[Records shown]

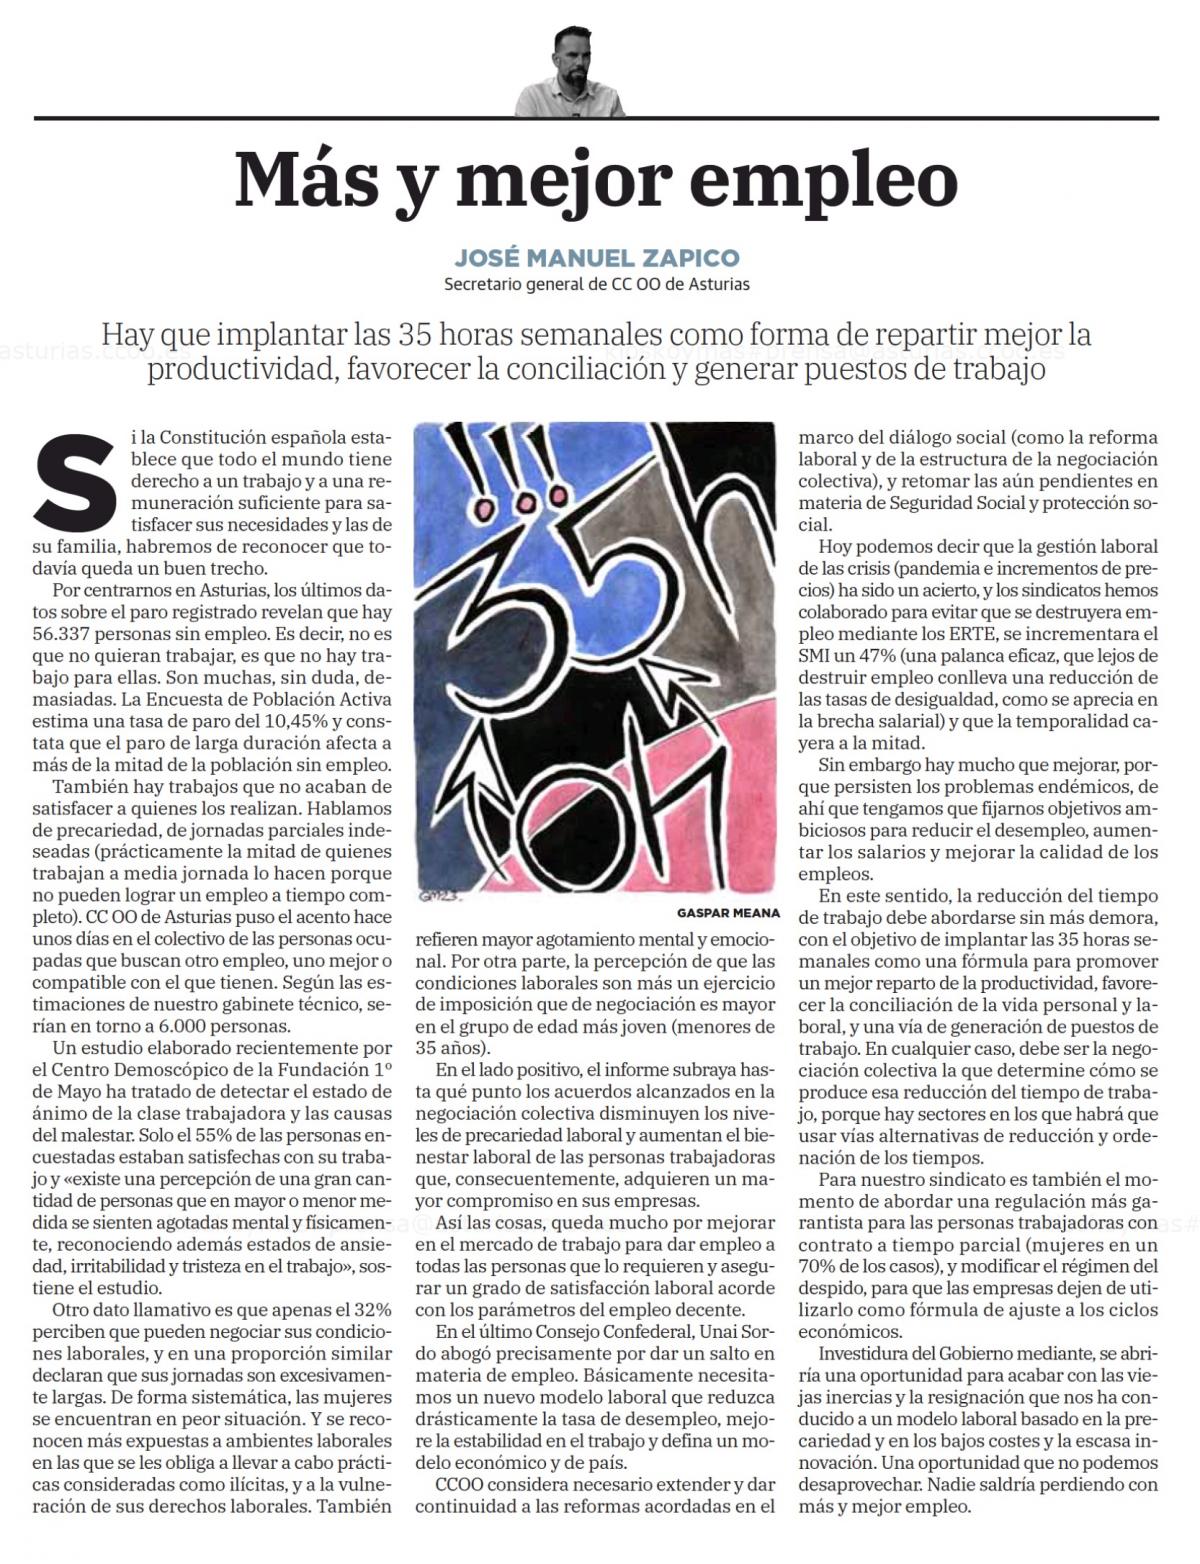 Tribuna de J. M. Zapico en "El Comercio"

[/Records shown]
[Records shown]

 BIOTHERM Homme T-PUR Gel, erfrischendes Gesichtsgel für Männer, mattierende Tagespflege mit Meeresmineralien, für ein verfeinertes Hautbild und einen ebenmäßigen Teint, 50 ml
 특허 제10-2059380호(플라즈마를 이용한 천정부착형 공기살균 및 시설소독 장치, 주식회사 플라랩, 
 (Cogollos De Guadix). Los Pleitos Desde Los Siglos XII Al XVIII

[/Records shown]

Output, from the data above, the lines from the line with "특허 제10-2059380호(플라즈마를 이용한" to the line with "(Cogollos De Guadix)." exactly as they stand, both ends included and nothing else.

 특허 제10-2059380호(플라즈마를 이용한 천정부착형 공기살균 및 시설소독 장치, 주식회사 플라랩, 
 (Cogollos De Guadix). Los Pleitos Desde Los Siglos XII Al XVIII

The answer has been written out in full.